Очевидно, сама эпоха и ее глубоко-«переоценочный» характер тому причиной… Слушая в прошлую субботу рассказ Бориса Зайцева о его «духовных встречах с Гоголем», о том, как он относился к нему прежде и как относится теперь, все, кажется, сравнивали и сопоставляли этот рассказ со своими личными впечатлениями, со своими мыслями на ту же тему. Едва ли возможно в наше время незыблемо-твердое, неизменное, ни в чем не изменившееся отношение к классикам. Да и будь это так, превратись они в неприкосновенные «культурные ценности», радоваться было бы нечему: это доказывало бы только, что они перестали жить и излучать энергию. Поскольку же их творческое дело еще как-то продолжается, поскольку оно действует, влияет, встречает в иных сознаниях согласие или сопротивление, – не может не быть «переоценки» в такие годы, как наши. Конечно, переоценка значит только – пересмотр. Никакого оттенка недоверия, никакого намека на стремление к развенчанию в понятии этом нет. Есть только – внимание.
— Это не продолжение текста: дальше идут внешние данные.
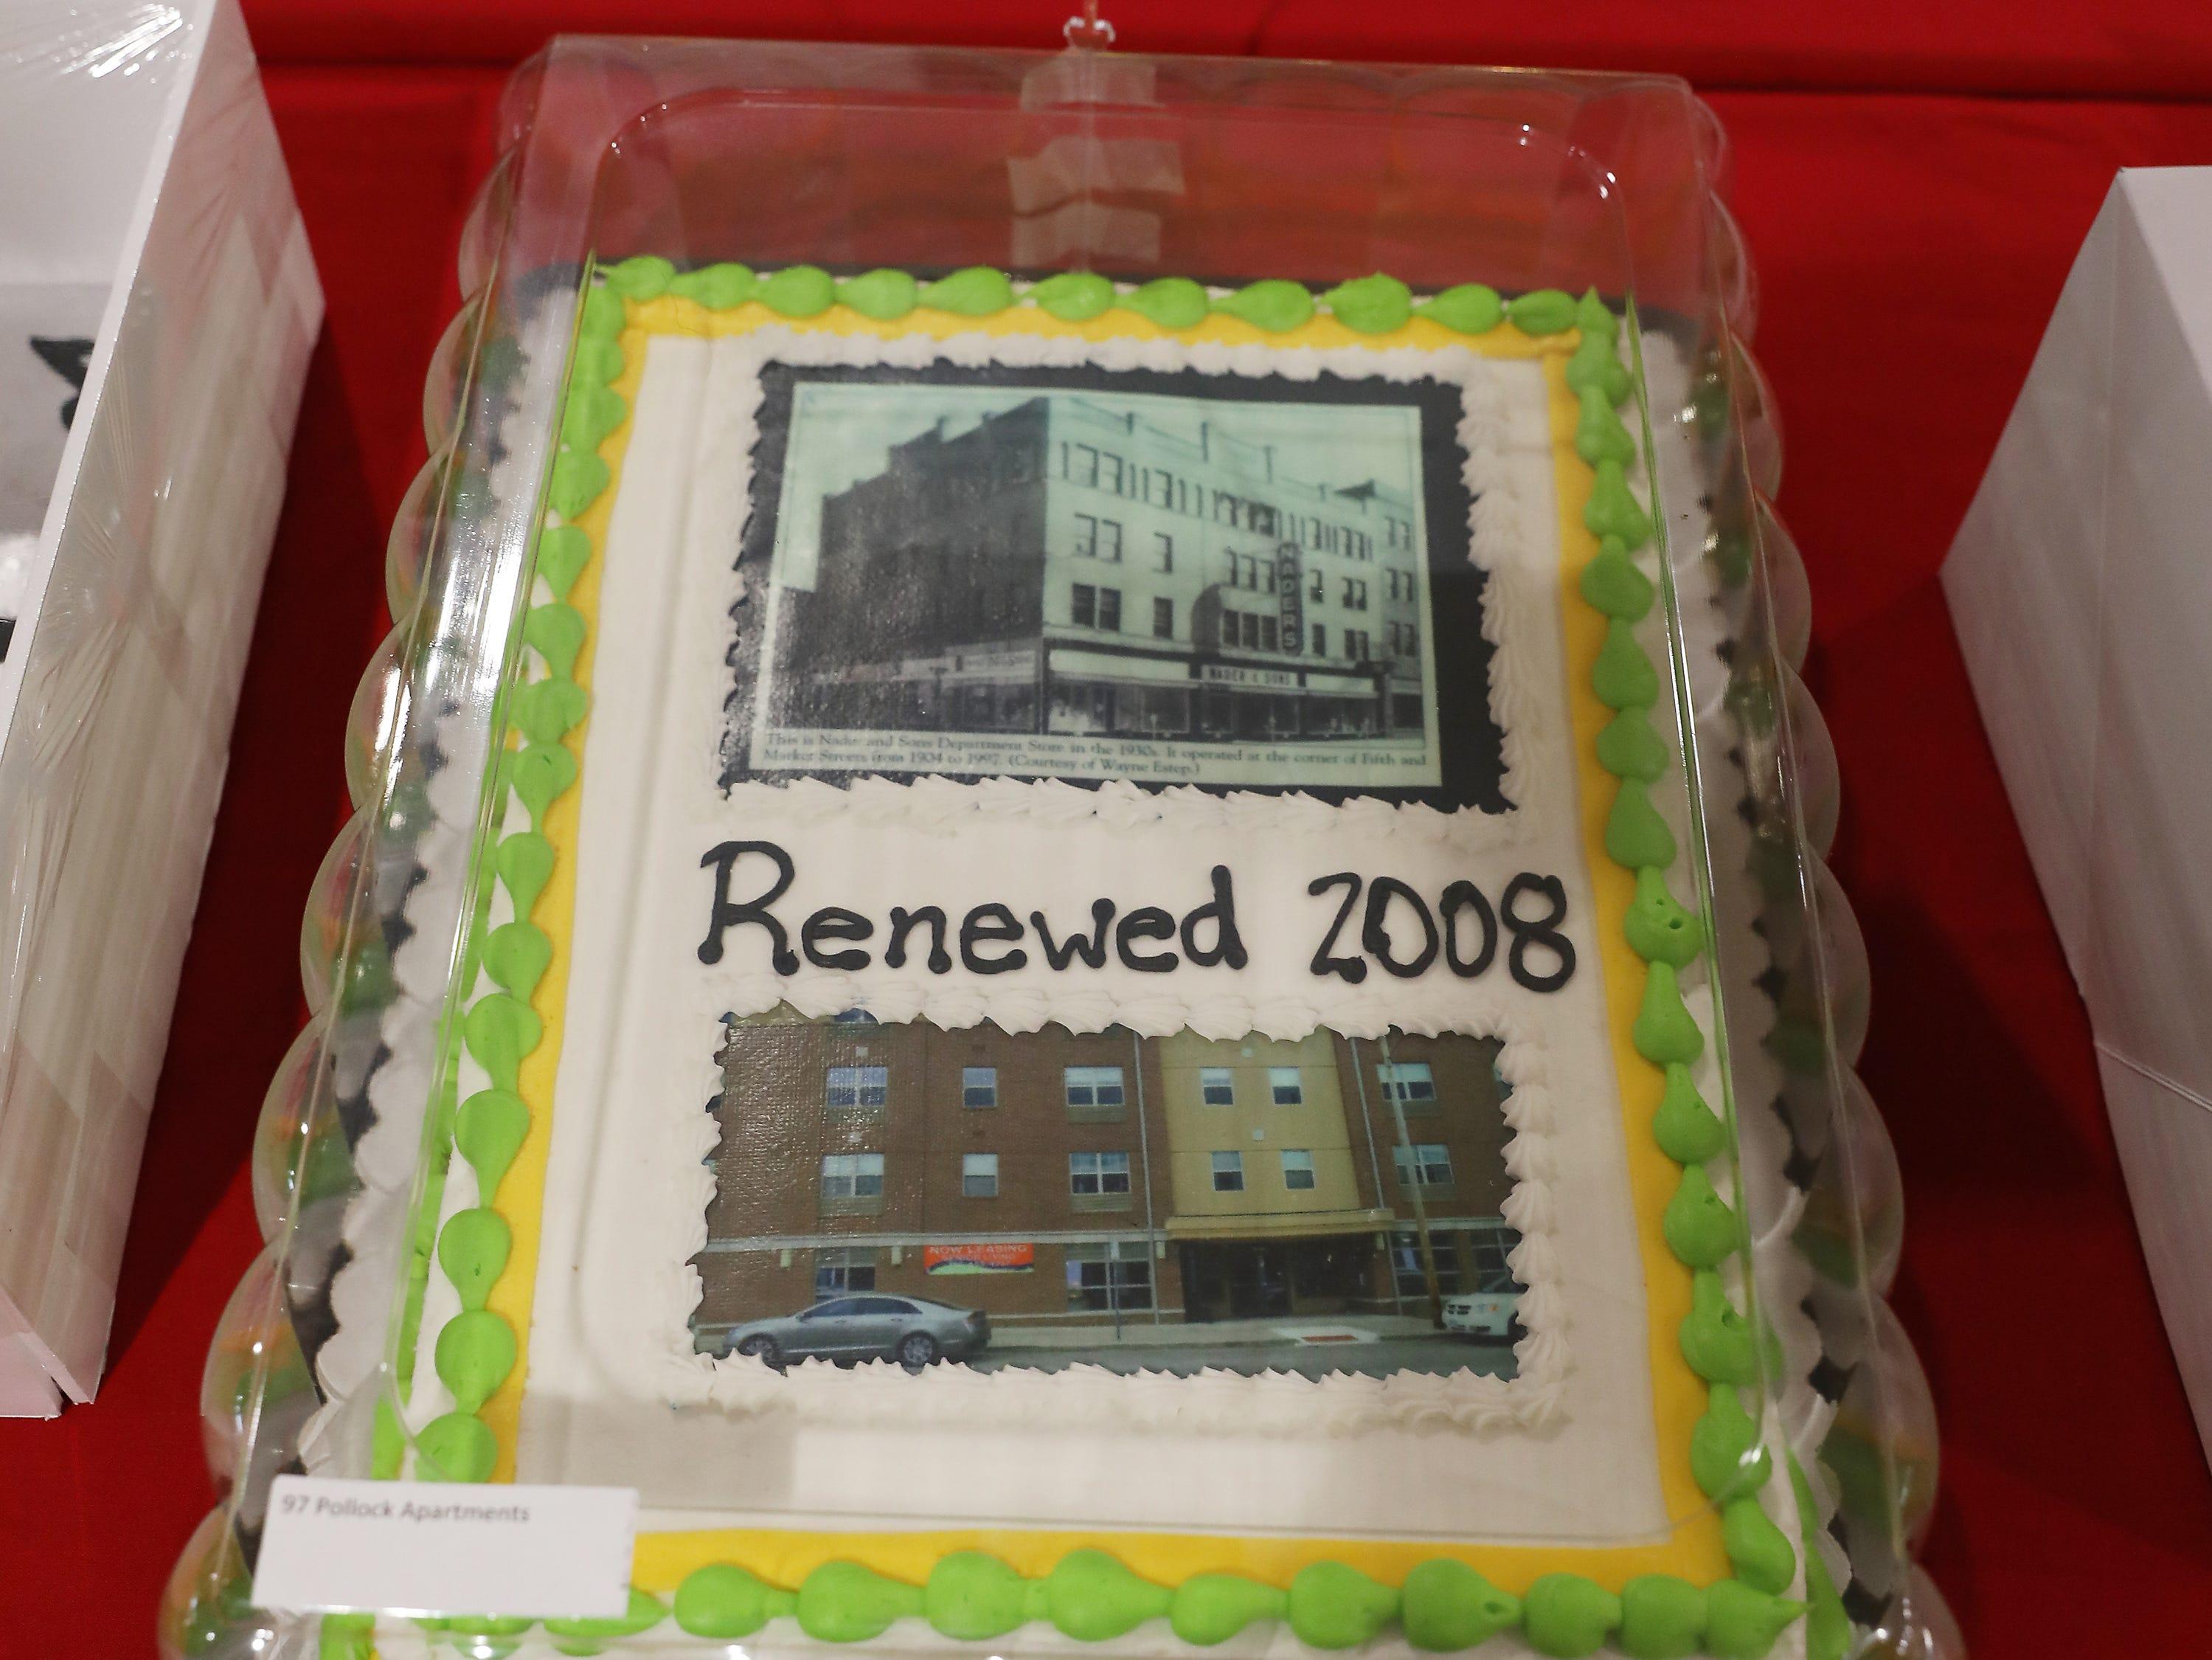 1:00 P.M. Thursday cake 97 Pollock Apartments

Пушкин, Гоголь, Толстой, Лермонтов, Достоевский, – это самое живое, что нам Россия оставила. А так как мысли о России становятся сейчас у каждого из нас мыслями почти «навязчивыми», то невольно и возвращаешься к тем именам, в которых даны лучшие и вернейшие о ней свидетельства.

* * *

Борис Зайцев начал с эстетических, узко-литературных суждений о Гоголе.

Что уцелело полностью, что не потускнело нисколько: «Мертвые души», «Ревизор», «Нос», «Иван Иванович и Иван Никифорович», «Старосветские помещики»… Чуть-чуть потускнела «Шинель». Отцвел окончательно «Тарас Бульба».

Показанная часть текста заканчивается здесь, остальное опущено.